Assignment »
Print all the records exactly as they stand.

Excerpted data »
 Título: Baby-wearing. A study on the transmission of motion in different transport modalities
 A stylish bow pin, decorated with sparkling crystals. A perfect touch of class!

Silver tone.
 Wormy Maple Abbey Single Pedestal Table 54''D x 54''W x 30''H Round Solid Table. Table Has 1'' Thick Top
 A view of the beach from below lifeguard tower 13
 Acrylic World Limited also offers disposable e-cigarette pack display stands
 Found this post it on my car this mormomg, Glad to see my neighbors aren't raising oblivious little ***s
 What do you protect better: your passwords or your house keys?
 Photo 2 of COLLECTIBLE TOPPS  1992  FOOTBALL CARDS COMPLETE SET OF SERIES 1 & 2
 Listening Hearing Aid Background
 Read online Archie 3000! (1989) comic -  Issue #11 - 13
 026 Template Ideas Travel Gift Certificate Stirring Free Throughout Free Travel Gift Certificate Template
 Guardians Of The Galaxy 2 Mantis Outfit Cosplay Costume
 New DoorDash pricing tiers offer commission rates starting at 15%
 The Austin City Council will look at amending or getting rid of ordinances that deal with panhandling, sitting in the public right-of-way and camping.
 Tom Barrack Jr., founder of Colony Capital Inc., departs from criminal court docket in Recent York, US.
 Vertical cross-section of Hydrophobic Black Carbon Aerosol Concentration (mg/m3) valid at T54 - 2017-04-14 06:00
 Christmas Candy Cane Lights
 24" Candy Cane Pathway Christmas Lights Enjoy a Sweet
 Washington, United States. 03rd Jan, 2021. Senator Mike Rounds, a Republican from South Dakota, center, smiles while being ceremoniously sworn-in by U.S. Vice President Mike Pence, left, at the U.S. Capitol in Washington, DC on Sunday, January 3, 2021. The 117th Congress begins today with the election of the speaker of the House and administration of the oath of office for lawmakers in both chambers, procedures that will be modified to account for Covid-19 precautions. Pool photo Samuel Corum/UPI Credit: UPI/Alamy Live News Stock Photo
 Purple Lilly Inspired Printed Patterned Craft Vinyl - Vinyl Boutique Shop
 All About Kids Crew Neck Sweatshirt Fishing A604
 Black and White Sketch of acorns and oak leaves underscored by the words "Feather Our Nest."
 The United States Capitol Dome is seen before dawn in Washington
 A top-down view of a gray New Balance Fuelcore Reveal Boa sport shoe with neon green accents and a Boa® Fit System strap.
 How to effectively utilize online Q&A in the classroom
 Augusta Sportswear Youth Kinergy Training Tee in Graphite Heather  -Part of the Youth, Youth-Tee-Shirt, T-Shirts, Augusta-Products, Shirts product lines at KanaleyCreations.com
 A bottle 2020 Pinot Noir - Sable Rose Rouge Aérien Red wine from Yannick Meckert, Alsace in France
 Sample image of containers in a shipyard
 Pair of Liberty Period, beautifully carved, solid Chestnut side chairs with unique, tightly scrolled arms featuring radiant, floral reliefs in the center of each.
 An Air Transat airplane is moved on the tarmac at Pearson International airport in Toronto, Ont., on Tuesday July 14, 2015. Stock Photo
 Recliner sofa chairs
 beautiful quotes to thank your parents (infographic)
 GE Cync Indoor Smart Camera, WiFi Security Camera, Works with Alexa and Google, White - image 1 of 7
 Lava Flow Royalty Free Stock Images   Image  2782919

Task result »
 Título: Baby-wearing. A study on the transmission of motion in different transport modalities
 A stylish bow pin, decorated with sparkling crystals. A perfect touch of class!

Silver tone.
 Wormy Maple Abbey Single Pedestal Table 54''D x 54''W x 30''H Round Solid Table. Table Has 1'' Thick Top
 A view of the beach from below lifeguard tower 13
 Acrylic World Limited also offers disposable e-cigarette pack display stands
 Found this post it on my car this mormomg, Glad to see my neighbors aren't raising oblivious little ***s
 What do you protect better: your passwords or your house keys?
 Photo 2 of COLLECTIBLE TOPPS  1992  FOOTBALL CARDS COMPLETE SET OF SERIES 1 & 2
 Listening Hearing Aid Background
 Read online Archie 3000! (1989) comic -  Issue #11 - 13
 026 Template Ideas Travel Gift Certificate Stirring Free Throughout Free Travel Gift Certificate Template
 Guardians Of The Galaxy 2 Mantis Outfit Cosplay Costume
 New DoorDash pricing tiers offer commission rates starting at 15%
 The Austin City Council will look at amending or getting rid of ordinances that deal with panhandling, sitting in the public right-of-way and camping.
 Tom Barrack Jr., founder of Colony Capital Inc., departs from criminal court docket in Recent York, US.
 Vertical cross-section of Hydrophobic Black Carbon Aerosol Concentration (mg/m3) valid at T54 - 2017-04-14 06:00
 Christmas Candy Cane Lights
 24" Candy Cane Pathway Christmas Lights Enjoy a Sweet
 Washington, United States. 03rd Jan, 2021. Senator Mike Rounds, a Republican from South Dakota, center, smiles while being ceremoniously sworn-in by U.S. Vice President Mike Pence, left, at the U.S. Capitol in Washington, DC on Sunday, January 3, 2021. The 117th Congress begins today with the election of the speaker of the House and administration of the oath of office for lawmakers in both chambers, procedures that will be modified to account for Covid-19 precautions. Pool photo Samuel Corum/UPI Credit: UPI/Alamy Live News Stock Photo
 Purple Lilly Inspired Printed Patterned Craft Vinyl - Vinyl Boutique Shop
 All About Kids Crew Neck Sweatshirt Fishing A604
 Black and White Sketch of acorns and oak leaves underscored by the words "Feather Our Nest."
 The United States Capitol Dome is seen before dawn in Washington
 A top-down view of a gray New Balance Fuelcore Reveal Boa sport shoe with neon green accents and a Boa® Fit System strap.
 How to effectively utilize online Q&A in the classroom
 Augusta Sportswear Youth Kinergy Training Tee in Graphite Heather  -Part of the Youth, Youth-Tee-Shirt, T-Shirts, Augusta-Products, Shirts product lines at KanaleyCreations.com
 A bottle 2020 Pinot Noir - Sable Rose Rouge Aérien Red wine from Yannick Meckert, Alsace in France
 Sample image of containers in a shipyard
 Pair of Liberty Period, beautifully carved, solid Chestnut side chairs with unique, tightly scrolled arms featuring radiant, floral reliefs in the center of each.
 An Air Transat airplane is moved on the tarmac at Pearson International airport in Toronto, Ont., on Tuesday July 14, 2015. Stock Photo
 Recliner sofa chairs
 beautiful quotes to thank your parents (infographic)
 GE Cync Indoor Smart Camera, WiFi Security Camera, Works with Alexa and Google, White - image 1 of 7
 Lava Flow Royalty Free Stock Images   Image  2782919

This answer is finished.